Nuclear secrecy is a special kind of secrecy, because the atomic bomb is a special kind of bomb. Just as the atomic bomb has been treated as something above and beyond any other category of warfare, so has its secrecy. In the United States, nuclear weapons related information has a separate and parallel structure from other types of state secrets, one that in many ways rests on a very different epistemological foundation than military, diplomatic, or political secrets. When the bomb was thrust upon the consciousness of the world, again and again it was emphasized that it was built by science and by secrecy. In the years since the Manhattan Project, this connection between secrets and security, between nuclear technology and nuclear knowledge, has continued, although it has not been constant, nor evinced the same responses.
This blog takes its name from legal definition of American nuclear secrecy, as defined by the Atomic Energy Act of 1946.1 For me, “Restricted Data” represents all of the historical strangeness of nuclear secrecy, where the shock of the bomb led scientists, policymakers, and military men to construct a baroque and often contradictory system of knowledge control in the (somewhat vain) hope that they could control the spread and use of nuclear technology.
It is these sorts of matters that this blog is concerned with: the history of nuclear weapons in general (in particular from an epistemological, or knowledge-centric, point of view), and the history of nuclear secrecy in particular.

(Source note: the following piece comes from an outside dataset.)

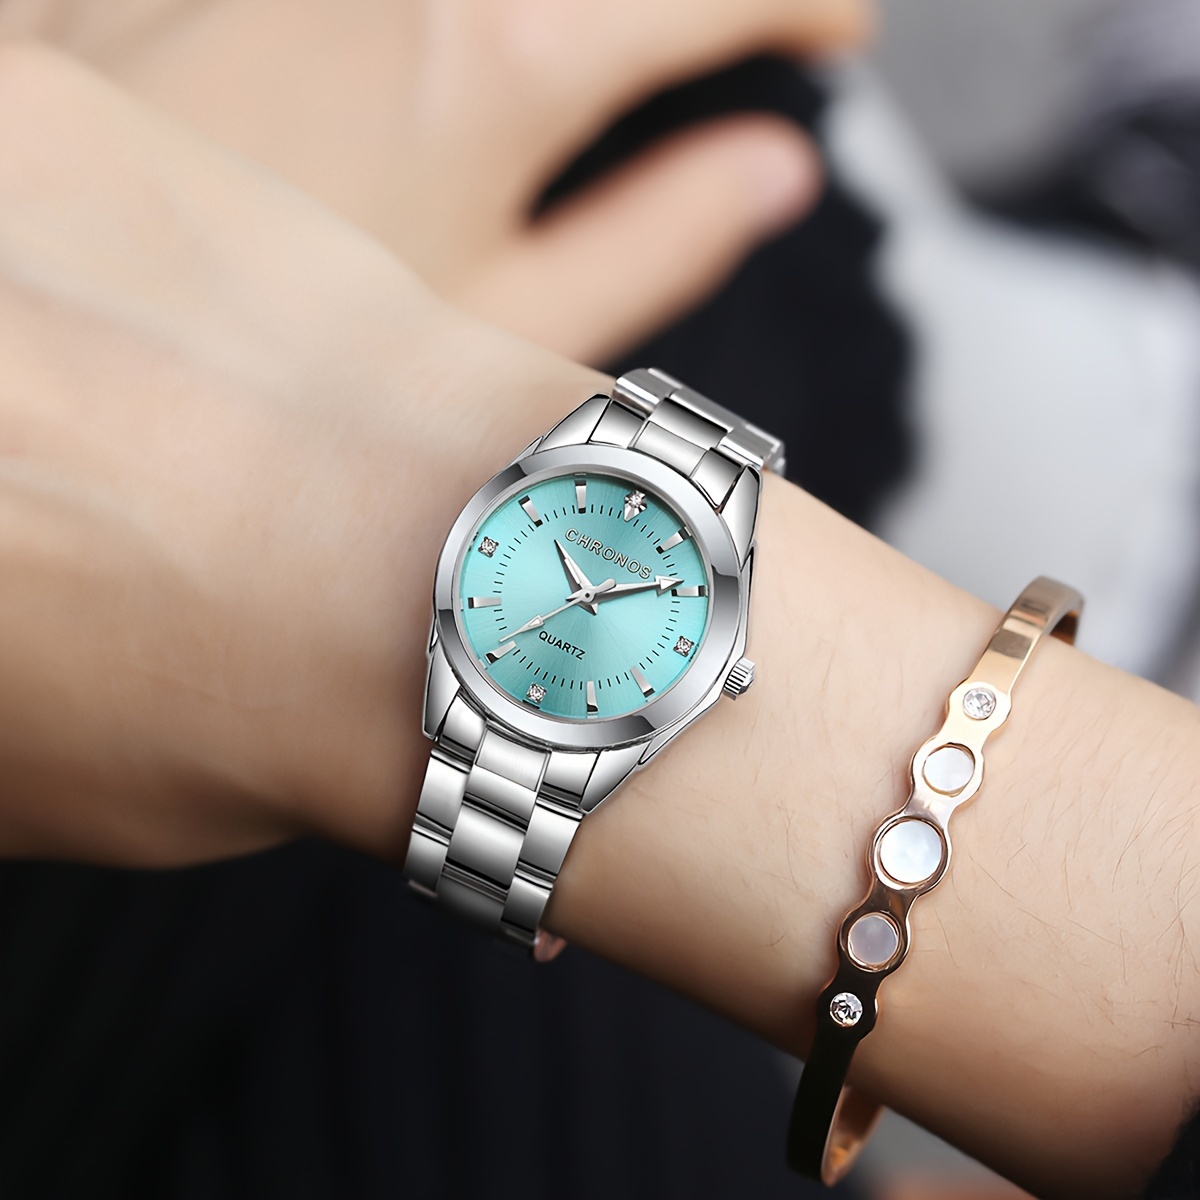 

Chronos Women's Watch Luxury Rhinestone Quartz Watch Wr Fashion Analog Stainless Steel Wrist Watch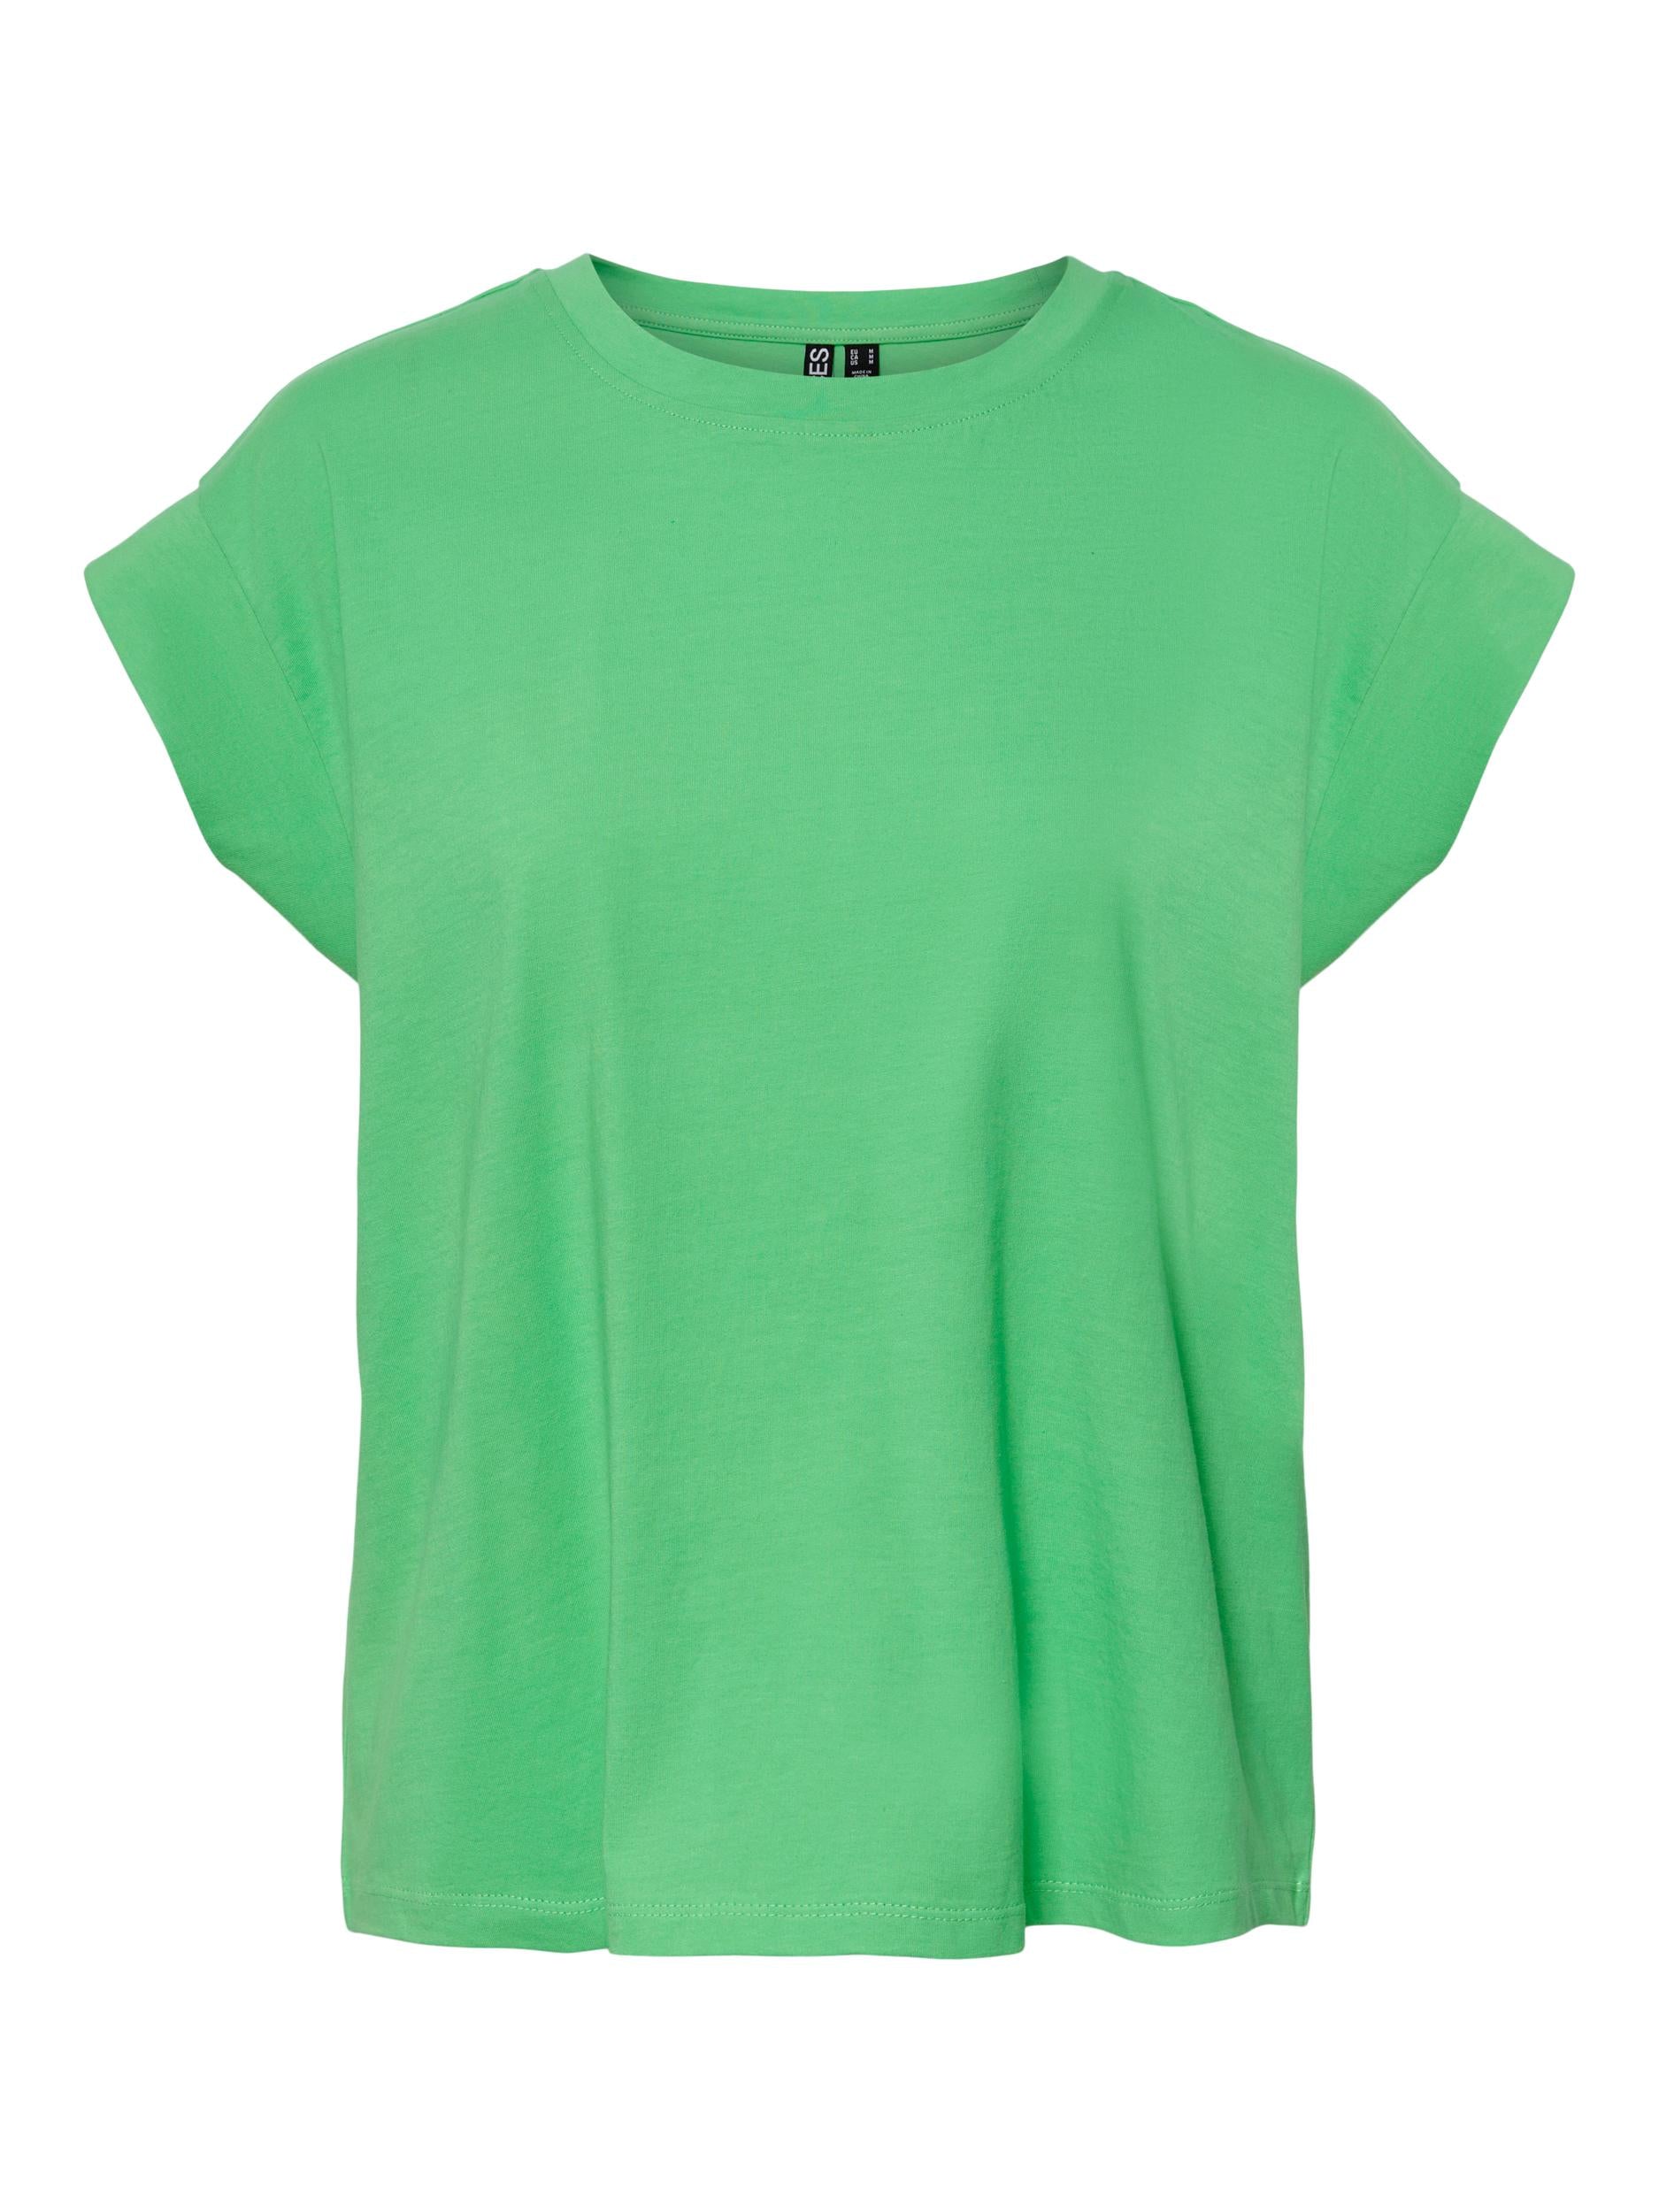 Pieces t shirt verde

It serves as an outlet for some of the interesting documents, stories, and observations that I’ve come across in my research (both for my Ph.D. dissertation on the subject, Knowledge and the Bomb, and for the subsequent book am I writing).
For more about me, visit the “About me” page. I should say up front that I do not have, nor have I ever had, nor have I ever sought or desired, any kind of security clearance. Everything on this blog was posted in good faith with regards to its classification status, and I am perfectly happy to trade certainty for the ability to speak and speculate.